Friday, August 13, 2010

Slang dictionary of 17th-century London revealed
By Rob Hastings in The Independent
Thursday, 12 August 2010


In 1699 the word "slang" had not even been coined. Nevertheless, a newly uncovered book proves that whether you were an "arsworm" ("a little diminutive Fellow") or a "bundletail" ("a short Fat or squat Lass"), colloquial language was thriving in 17th-century England.

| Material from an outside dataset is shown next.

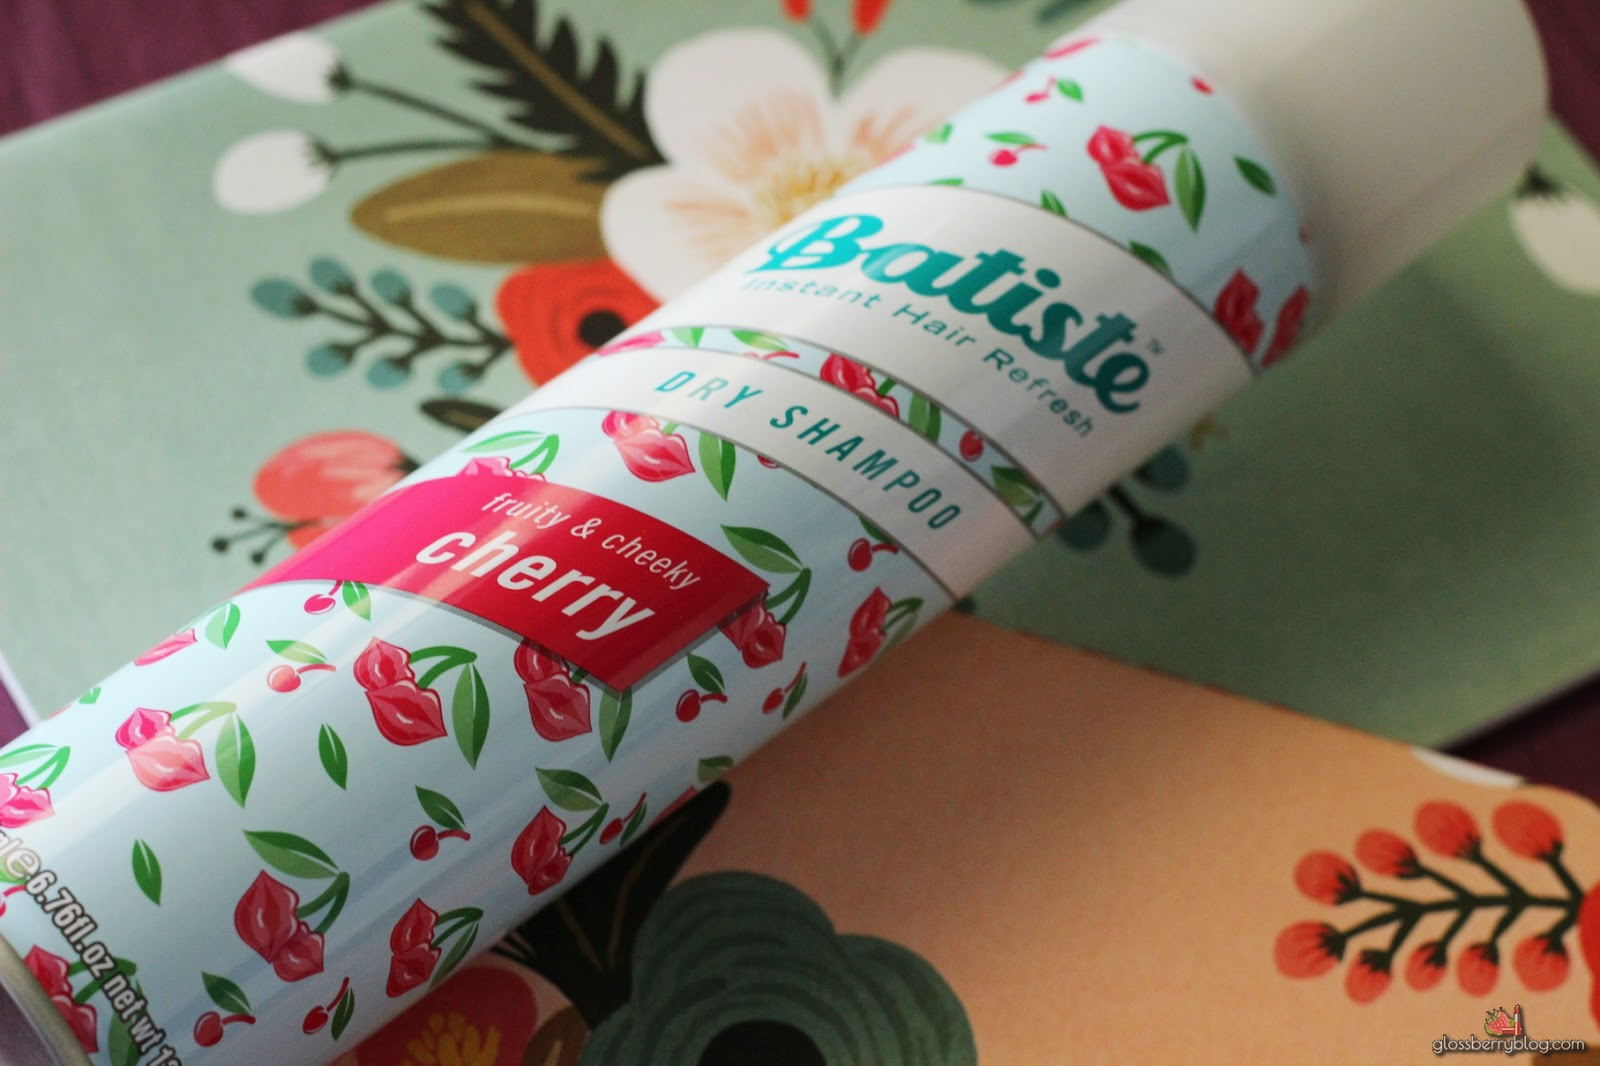 Batiste - Dry Shampoo - Fruity and Cheeky Cherry review סקירה המלצות שמפו יבש בטיסט דובדבן גלוסברי בלוג איפור וטיפוח

Those are just two of the 4,000 entries included in A New Dictionary of Terms, Ancient and Modern, of the Canting Crew, which has recently been rediscovered in Oxford University's Bodleian Library.
Given the number of references to the nether regions, it seems bum jokes were just as popular then as now. Breeches were known as "farting-crackers" and "Bumfodder" is sensitively described as "what serves to wipe the Tail".
One term is particularly apt in today's political climate: "Malecontents, out of Humour with the Government, for want of a Place, or having lost one" are defined as "Grumbletonians."
The dictionary was originally compiled to amuse the polite London classes with a knowledge of "canting", the vocabulary of thieves and ruffians.



Footnote:

Now the Bodleian Library has reproduced it with an introduction by John Simpson, chief editor of the Oxford English Dictionary, describing the history and culture of canting in the seventeenth and eighteenth centuries, as well as the evolution of English slang.


A fascinating volume for all who marvel at words and their derivation.